On October 1, 2020, Defendant filed the present motion (Dkt. #76). On October 30, 2020,
Plaintiff filed his response (Dkt. #81). On November 6, 2020, Defendant filed its reply (Dkt. #83).
LEGAL STANDARD
Federal Rule of Evidence 702 provides for the admission of expert testimony that assists
the trier of fact to understand the evidence or to determine a fact in issue. FED. R. EVID. 702. In
Daubert v. Merrell Dow Pharmaceuticals, Inc., the Supreme Court instructed courts to function
as gatekeepers, and determine whether expert testimony should be presented to the jury. 509 U.S.

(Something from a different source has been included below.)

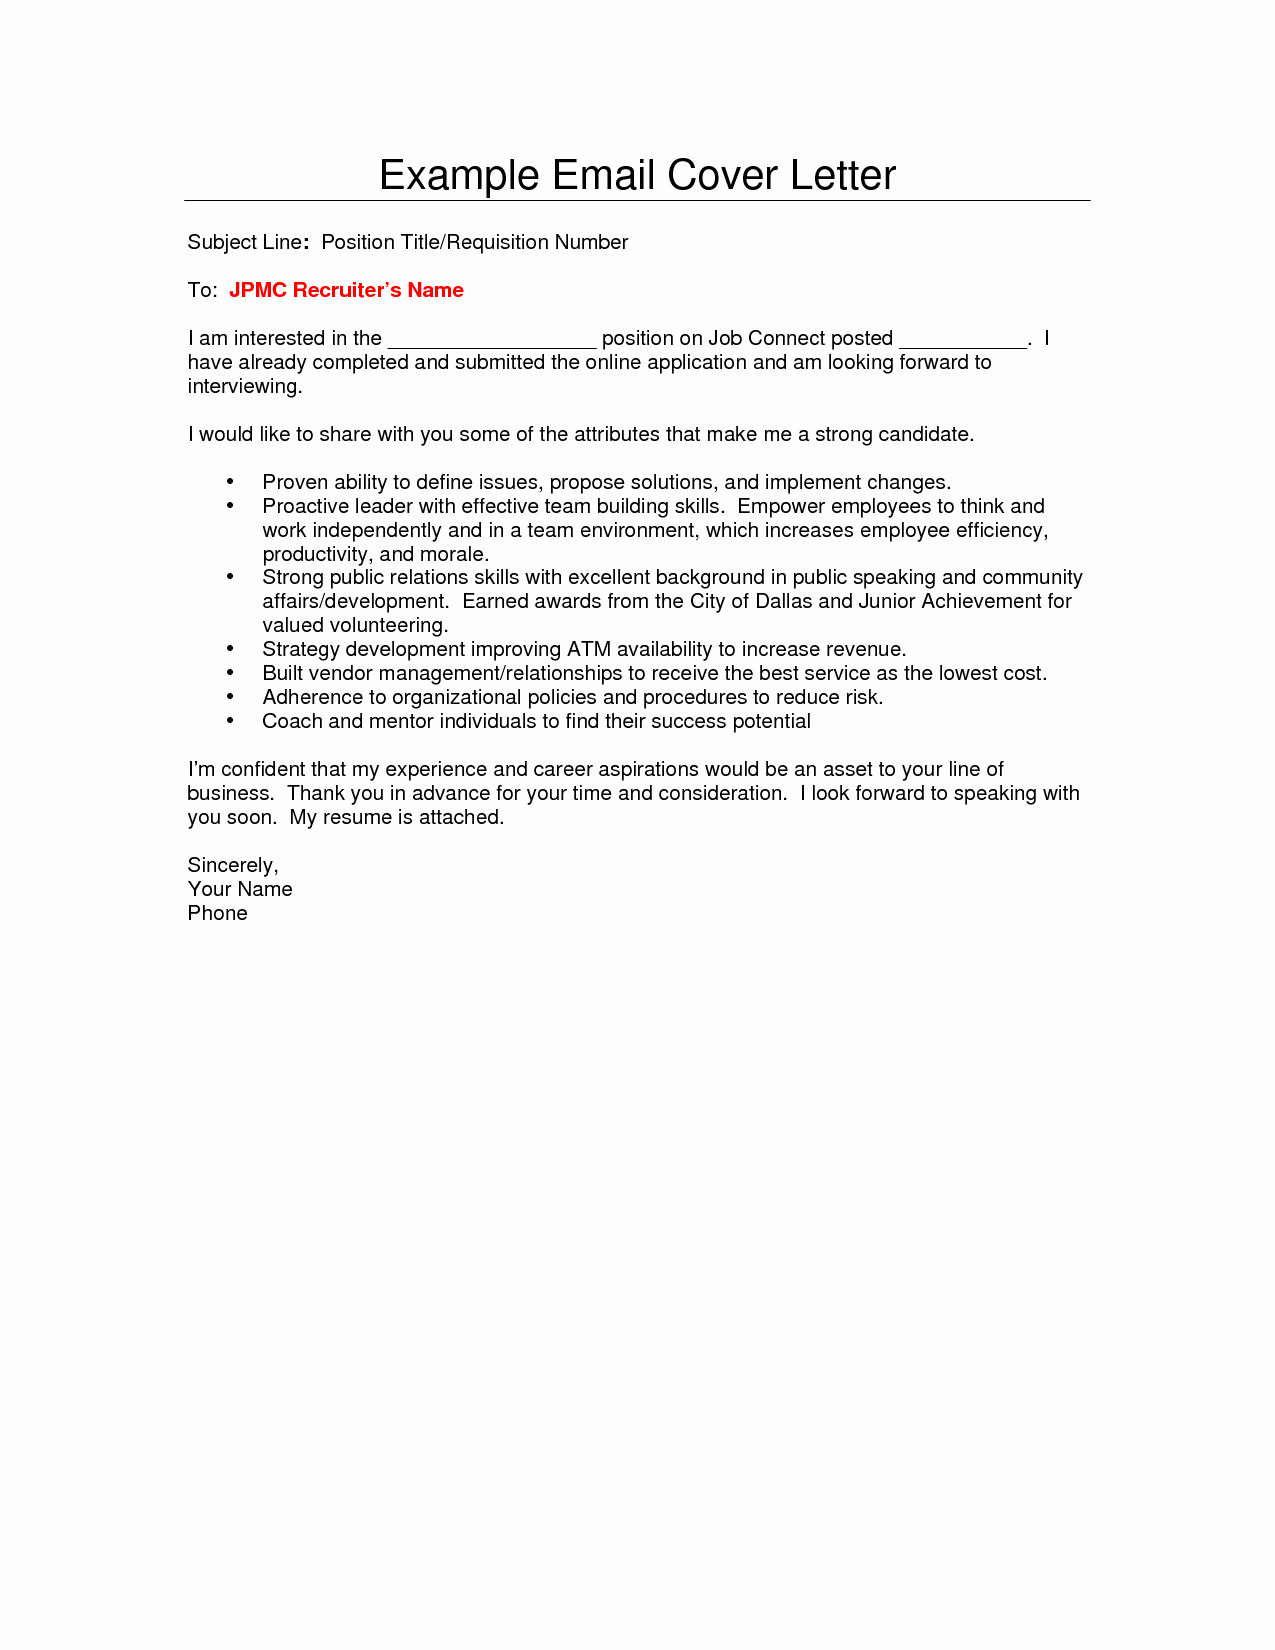 Samples Of Email Cover Letters Luxury Email Cover Letter Sample

579, 590–93 (1993). Courts act as gatekeepers of expert testimony “to make certain that an expert,
whether basing testimony upon professional studies or personal experience, employs in the
courtroom the same level of intellectual rigor that characterizes the practice of an expert in the
relevant field.” Kuhmo Tire Co. v. Carmichael, 526 U.S. 137, 152 (1999).
The party offering the expert’s testimony has the burden to prove that: (1) the expert is
qualified; (2) the testimony is relevant to an issue in the case; and (3) the testimony is reliable.
Daubert, 509 U.S. at 590–91. A proffered expert witness is qualified to testify by virtue of his or
her “knowledge, skill, experience, training, or education.” FED. R. EVID. 702. Moreover, to be
admissible, expert testimony must be “not only relevant but reliable.” Daubert, 509 U.S. at 589.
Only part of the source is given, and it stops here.